I was wondering where he got off to and now if his videos have been picked up by a network that explains why he hasn't posted any new ones on here.


----------



## martymcfly73 (Sep 17, 2007)

He took a lot of guff from the peanut gallery and some of the mods weren't too welcoming when he posted. Glad he made the big time. He's a great guy.


----------



## wyogoob (Sep 7, 2007)

martymcfly73 said:


> He took a lot of guff from the peanut gallery and some of the mods weren't too welcoming when he posted. Glad he made the big time. He's a great guy.


Matt struggled with following the UWN rules for posting threads.
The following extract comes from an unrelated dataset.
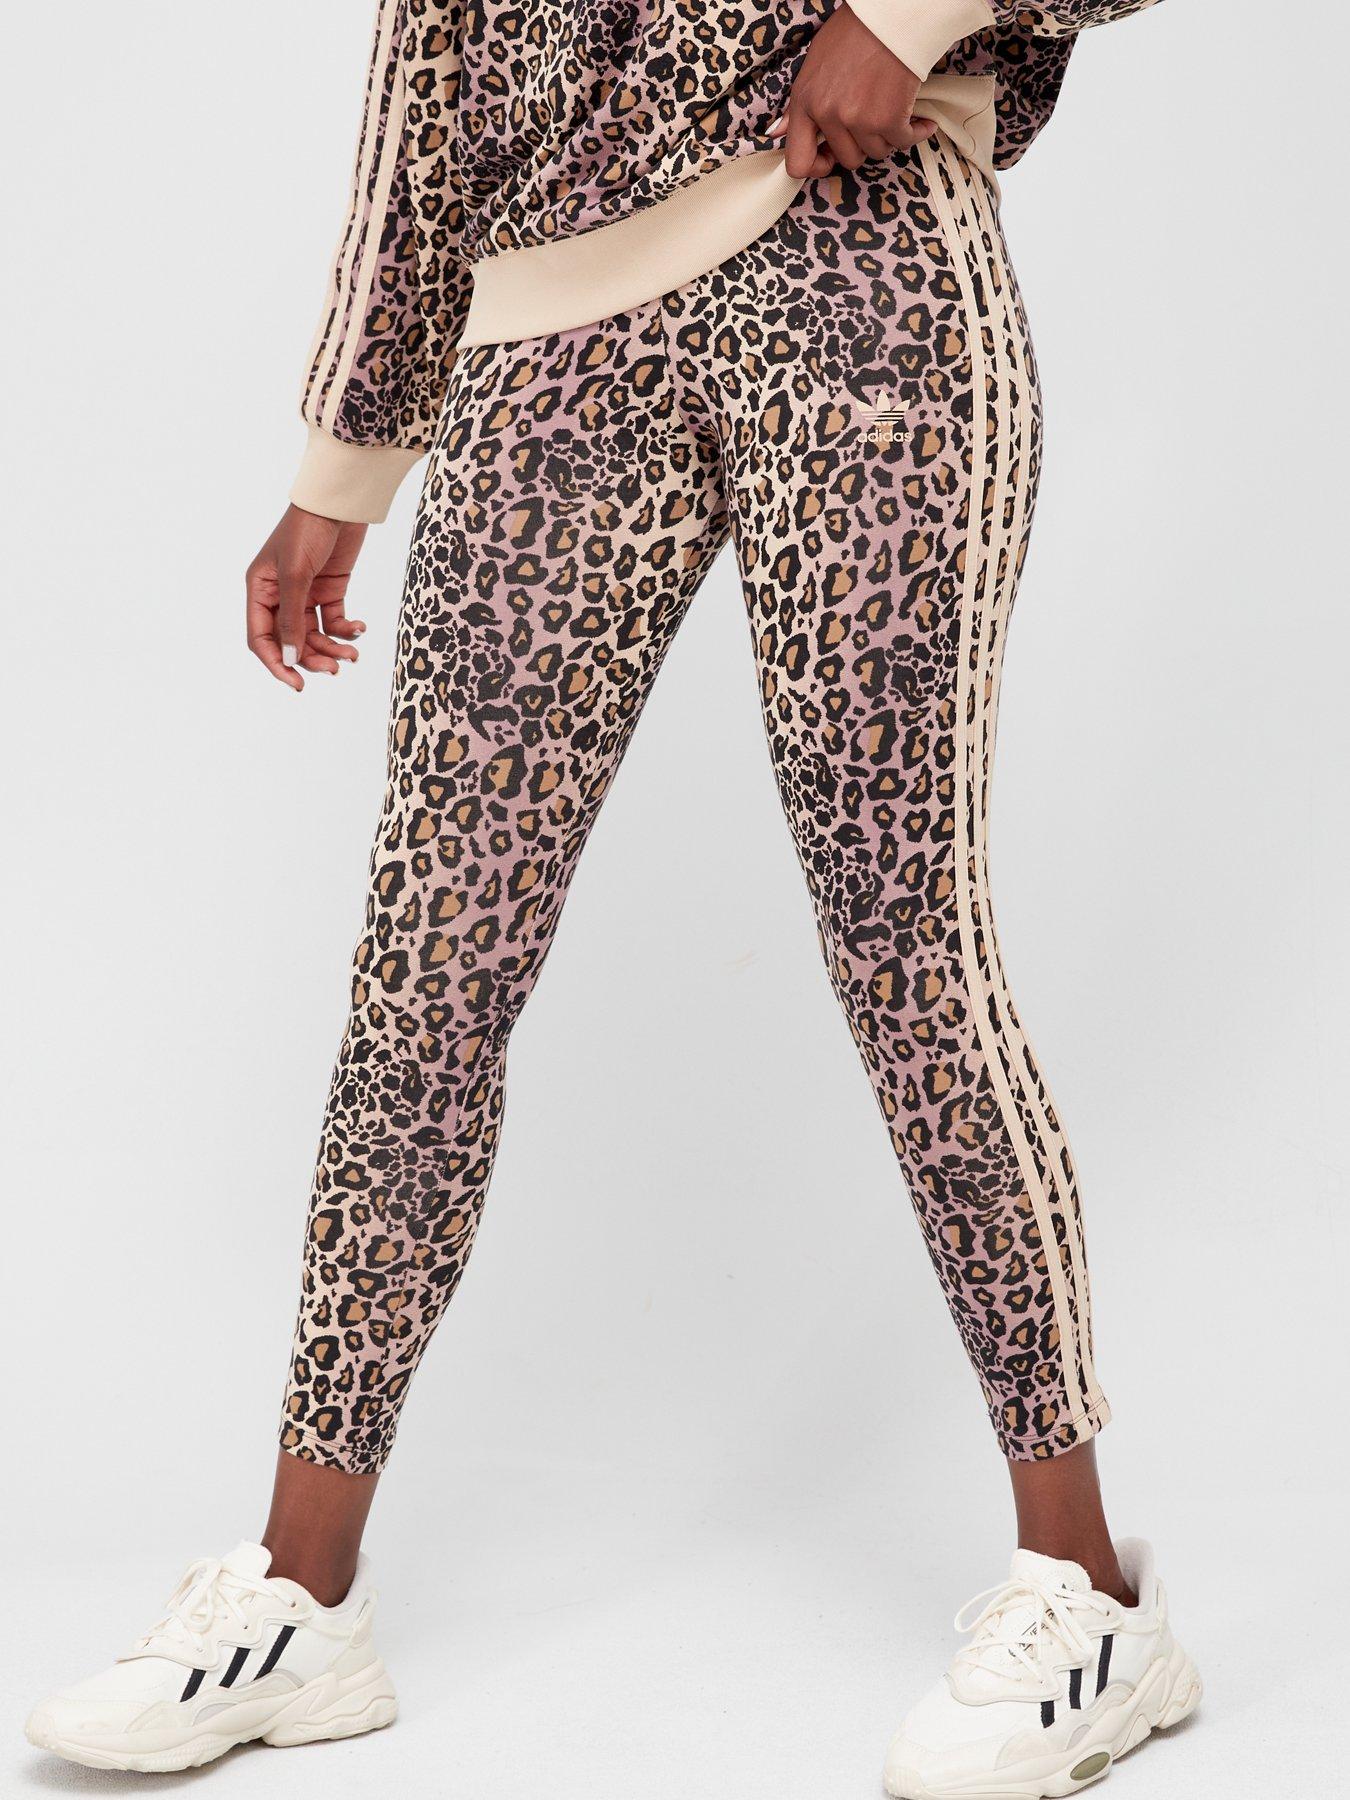 Buy Adidas Leopard Printed 7/8 Leggings In Multiple Colors
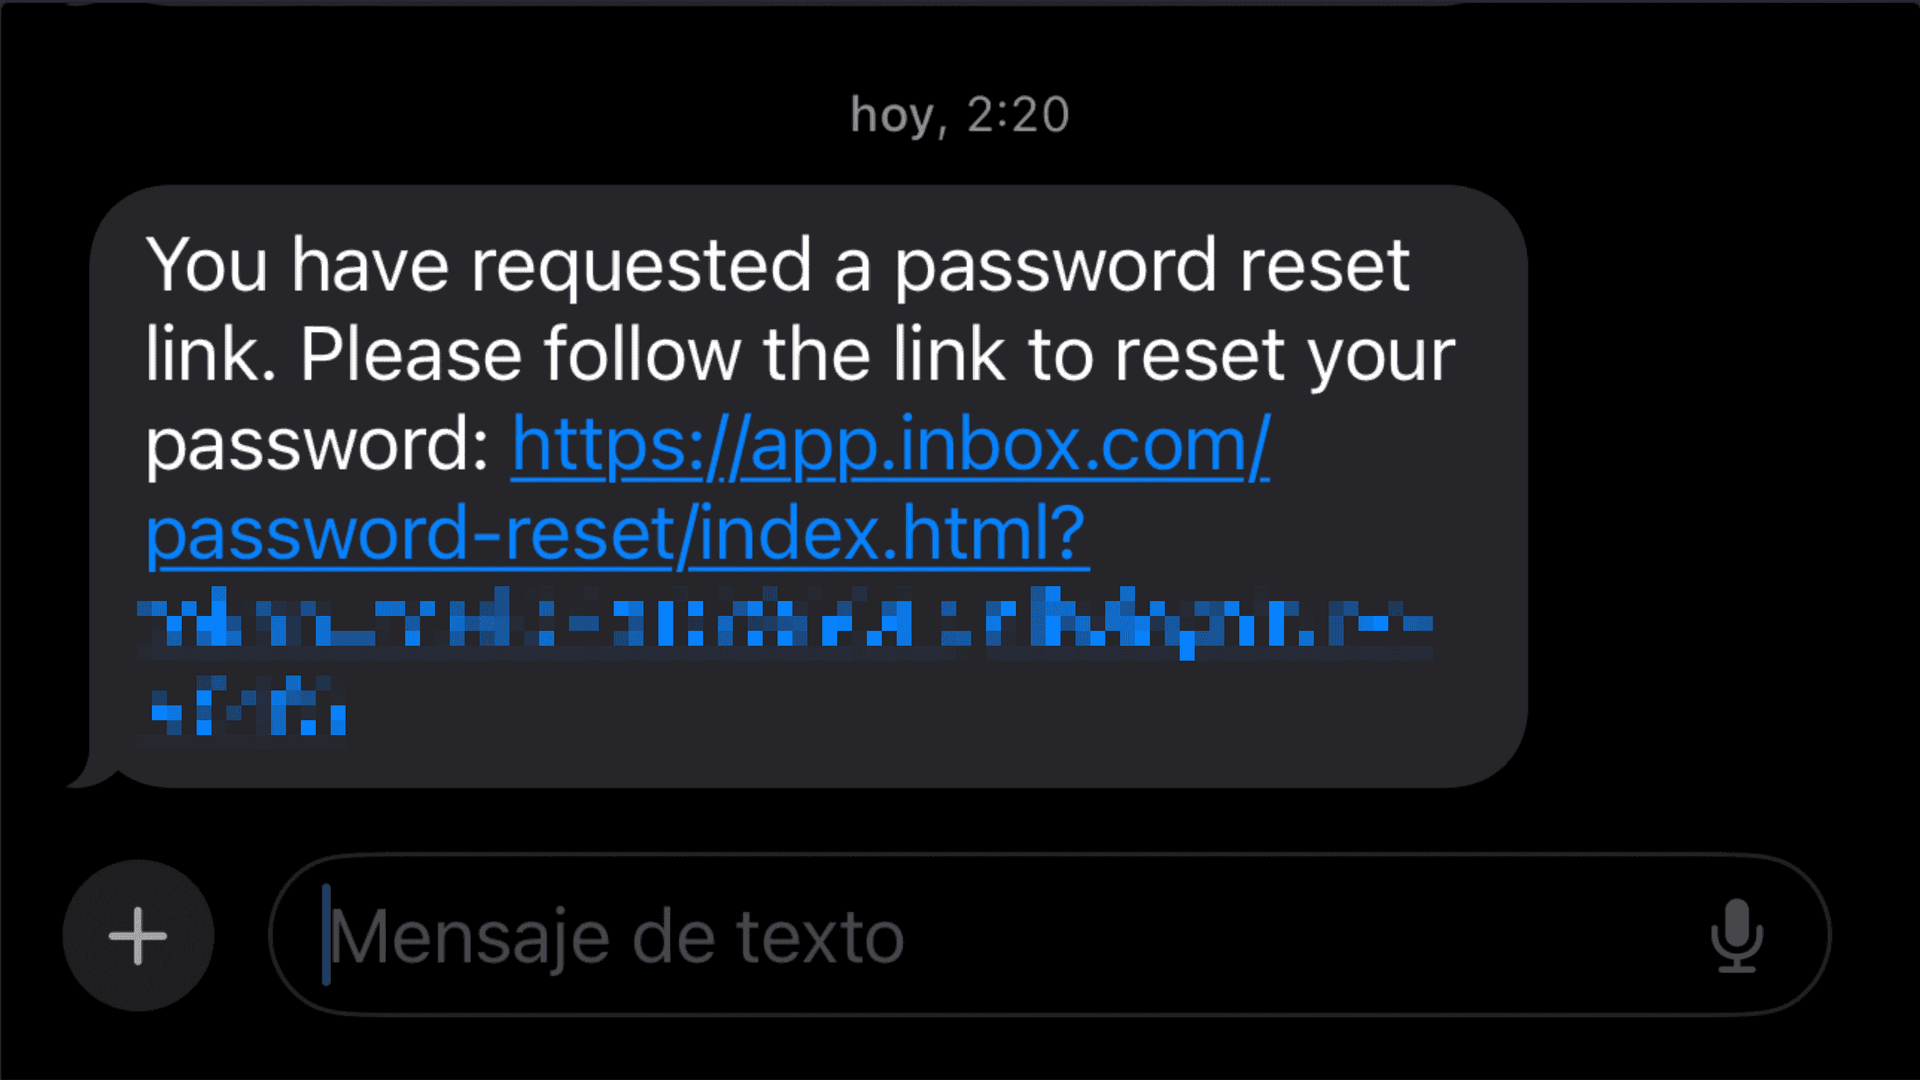 inbox.com password reset link

I think everyone back here is also glad he made it "big time".

.


----------



## longbow (Mar 31, 2009)

I saw the previews for it. I think he did a lot of it in Alaska.


----------



## longbow (Mar 31, 2009)

KSL link... http://www.ksl.com/?sid=34007679&ni...n-upcoming-animal-planet-series&s_cid=queue-3


----------



## Utahgreenhead (Apr 28, 2009)

It's good to know that he is still around. I for one really enjoyed his videos. What UWN rules did he violate?


----------



## wyogoob (Sep 7, 2007)

Matt in the Wild will be on TV again tonight,

Watch* 100 miles from Nowhere*, 8:00 pm on The Animal Planet station.

.


----------



## Critter (Mar 20, 2010)

I was actually disappointed when I watched it last week. I actually thought that it would have a lot of what he had posted on the forums here and not just him and his buddies running or traveling the 100 miles from point a to point b. 

However after saying that I will watch it again tonight just for the scenery of different areas. Last week he got into areas that I hadn't been into since I was in high school in the late 60's.


----------



## Packfish (Oct 30, 2007)

wasn't bad- fairly poor narrative though


----------



## utahgolf (Sep 8, 2007)

It was like the show Jackass but for marathoners..... I like matt and his nuttyness for adrenaline type hikes and activities but really hard to translate that into a tv show. I'm sure it's tough to do all of the film stuff and narrate by yourself. I'll tune in again sometime I'm sure.


----------